Tuesday, Feb. 22, 2000 | 10:59 a.m.

Locals tell newcomers that the flood season in Southern Nevada is July through September, but a check into the weather history of the 20th century shows that floods can and have occurred during every month of the year in the Las Vegas Valley.

From 1905, when the City of Las Vegas was founded, to 1975 the U.S. Soil Conservation Service documented 184 different floods that damaged public and private property.

In the past 40 years, 25 people have been killed in 12 separate flash floods. Two more people lost their lives in last year's flood July 8, one a homeless person and another in a rain-related car accident.

Perhaps the largest single loss of life occurred in Clark County on Sept. 17, 1961 when nine people -- four Nevada Power linemen and five Boy Scouts -- were killed during a storm that struck the area after dark. The Nevada Power crewmen died trying to restore electricity to the valley. The Boy Scouts drowned after they were washed out of Zion National Park, more than 70 miles northeast of Las Vegas.

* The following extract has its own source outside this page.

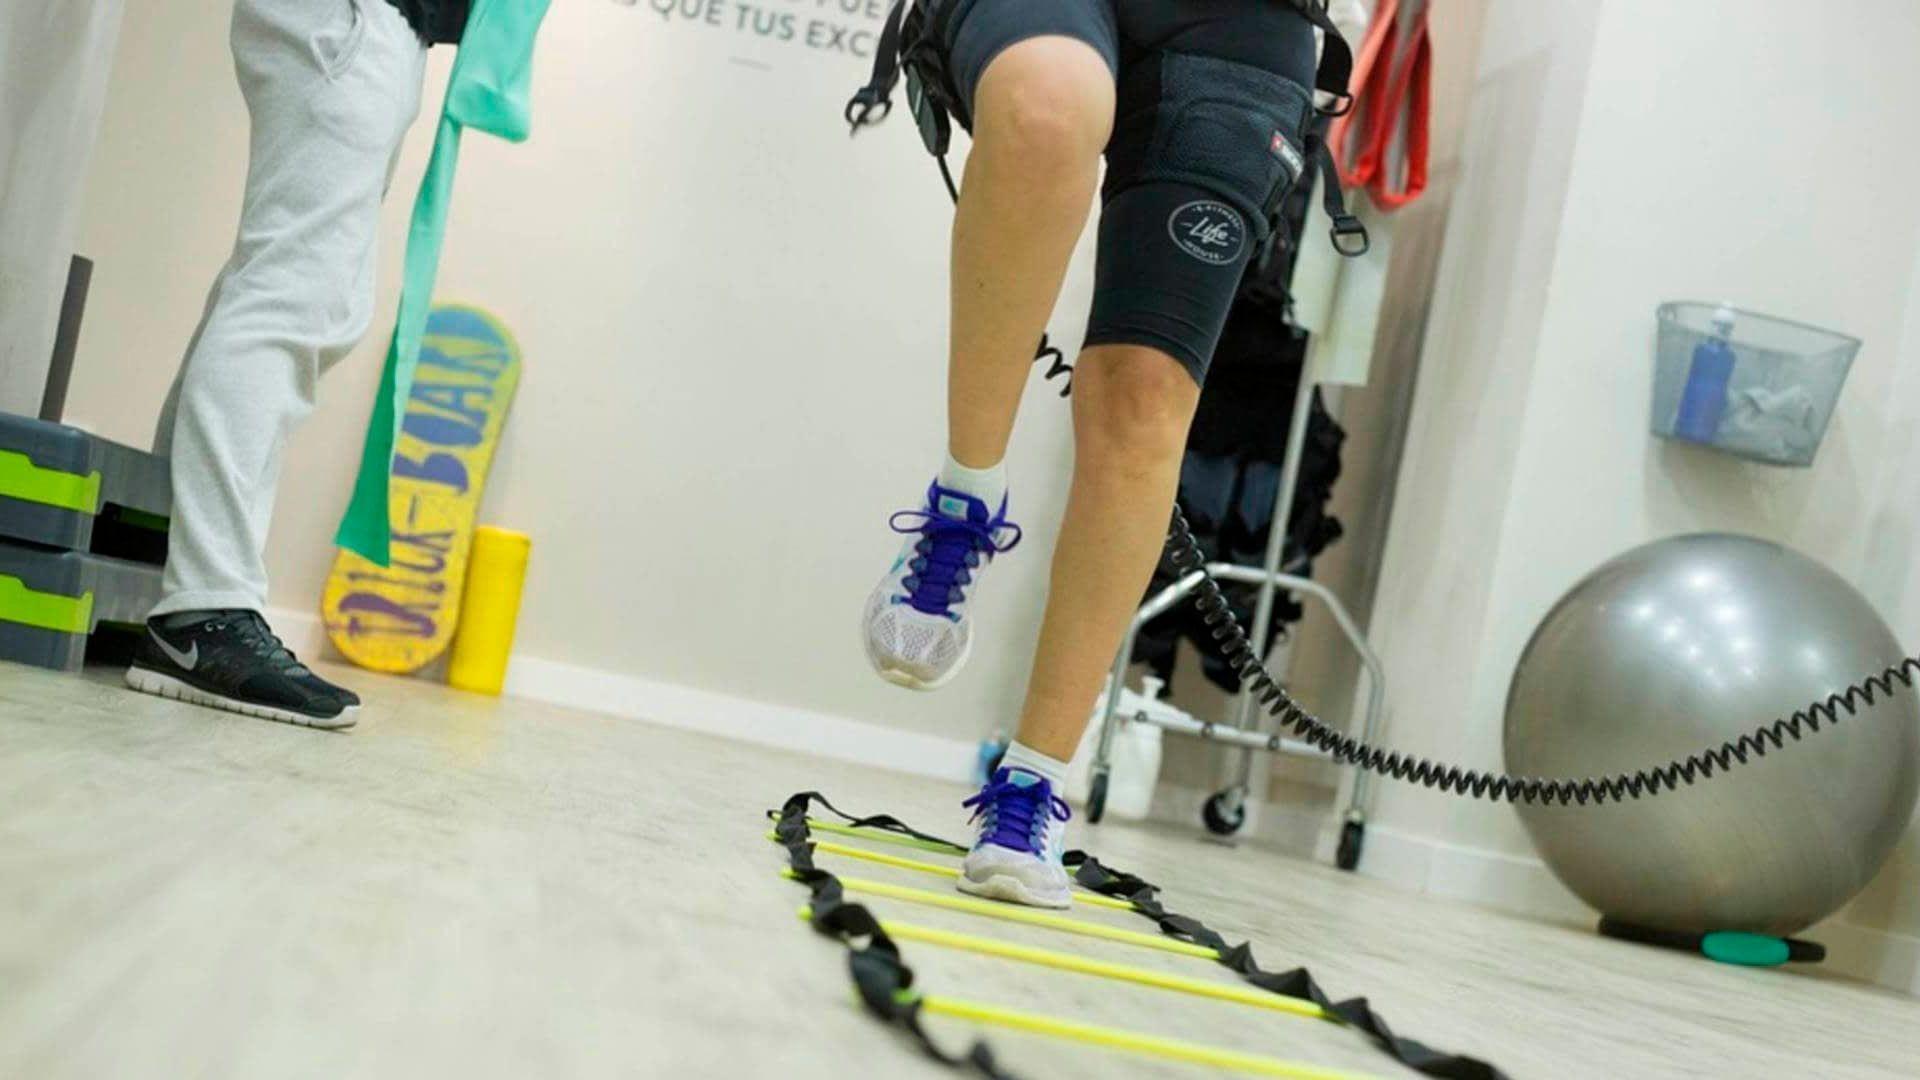 Clínica de fisioterapia deportiva en Valdemoro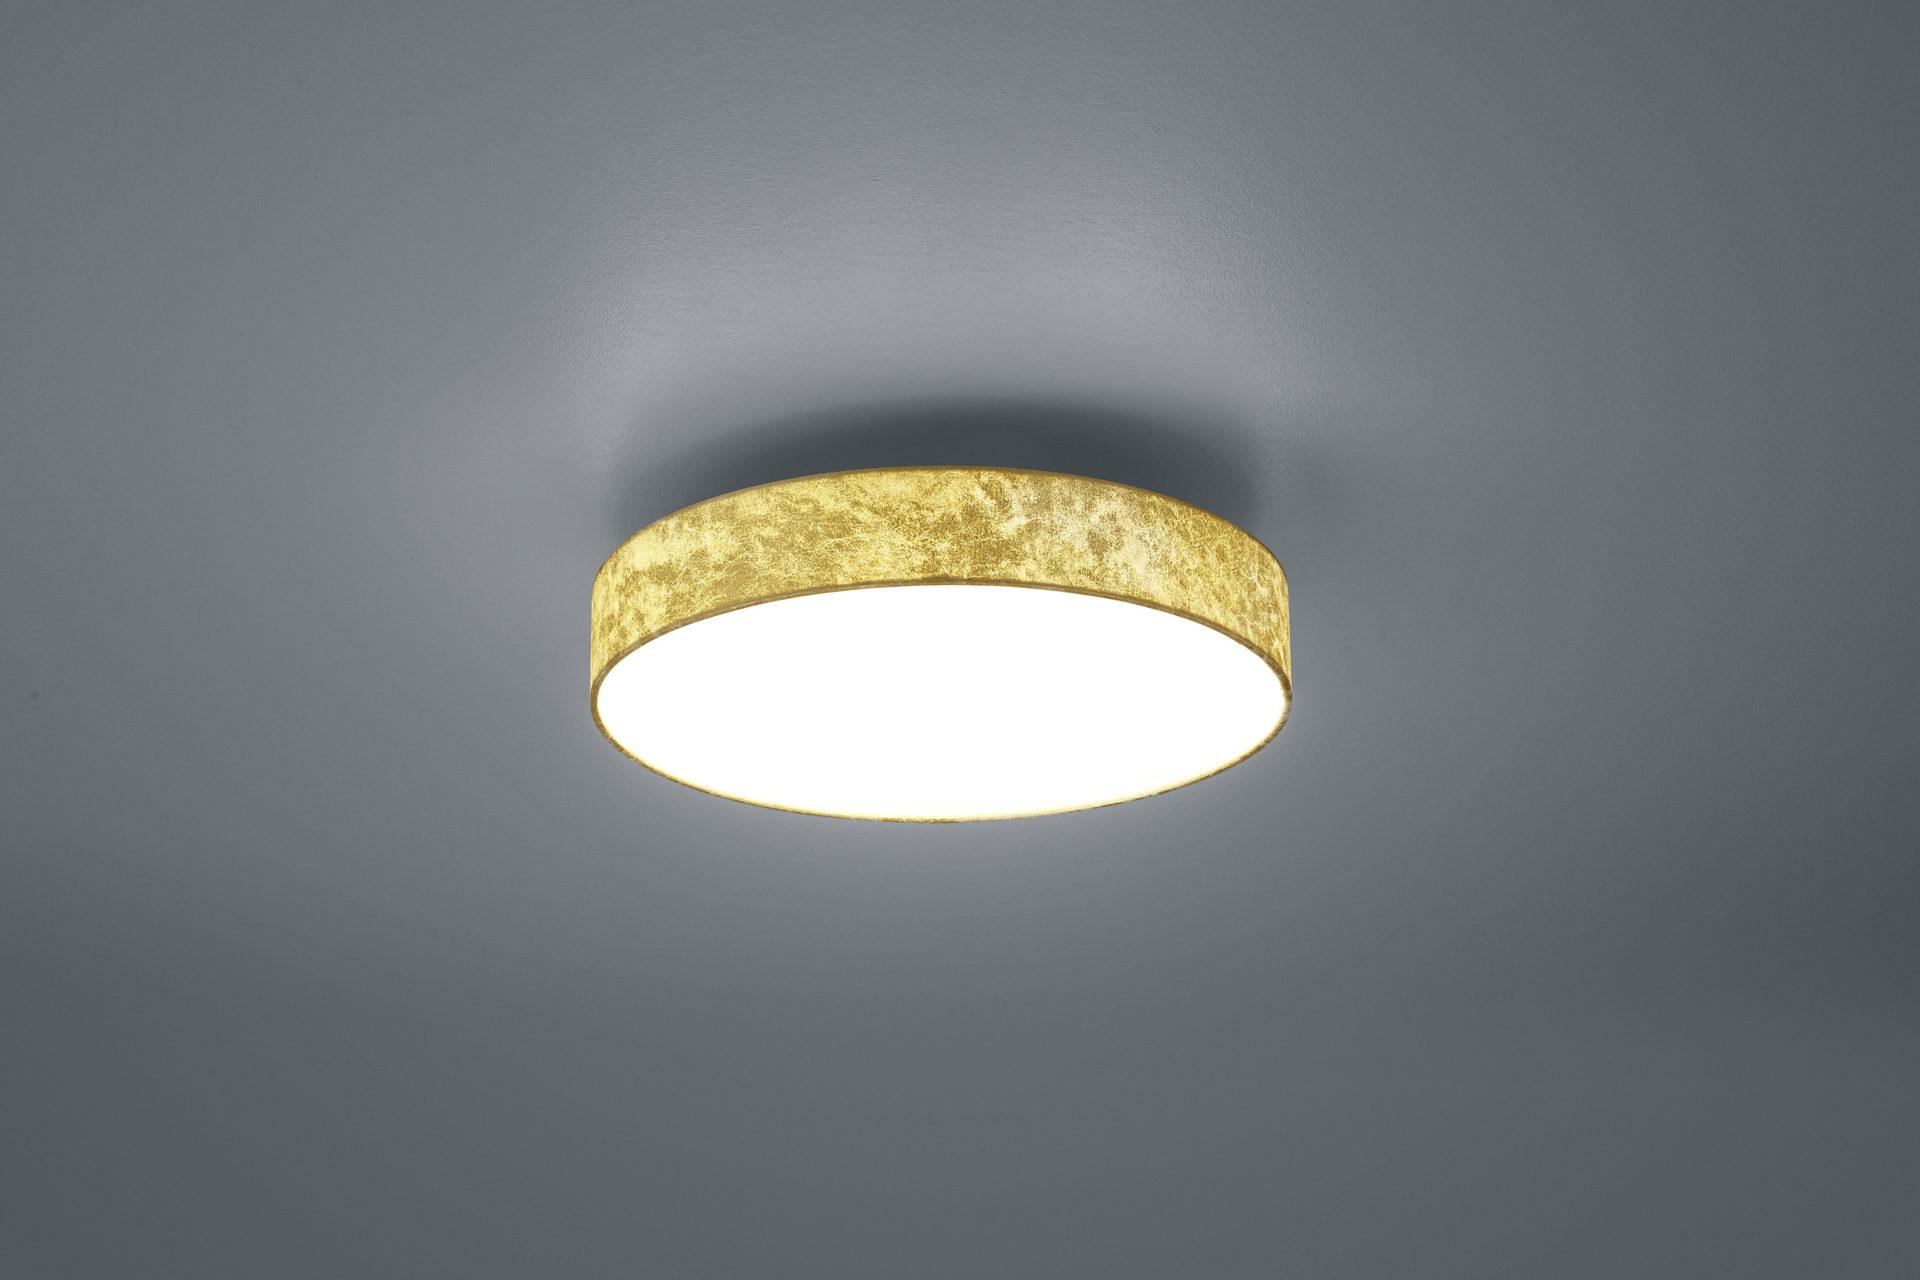 Möbel Bohn Crailsheim | Räume | Schlafzimmer | Lampen + Leuchten ...

Their bodies were recovered near Mesquite, 65 miles northeast of Las Vegas, in the Virgin River.

Since 1960 the area has experienced at least nine "million-dollar floods," including the latest one last July.

That flood caused more than $20 million in damage to public roads, buildings and flood control structures, according to Clark County records and the Federal Emergency Management Agency.

While floods can occur at any time, the most damaging of them typically strike the valley in July and August when moist, unstable air from the Gulf of Mexico meets hot, dry air over Nevada and Arizona causing downpours, according to the National Weather Service.

Most residents or visitors to the valley see dry gullies and washes most of the year, but as Monday's storm proved, an inch of rain in 24 hours can flood streets, the Charleston Underpass and the Las Vegas Wash, the valley's outlet leading to Lake Mead where Southern Nevada draws most of its drinking water.

Average rainfall for this time of year is 0.86 inches, but Southern Nevada surpassed that benchmark on Monday.

The average rainfall for the valley as measured by the National Weather Service at McCarran International Airport is slightly more than 4 inches per year.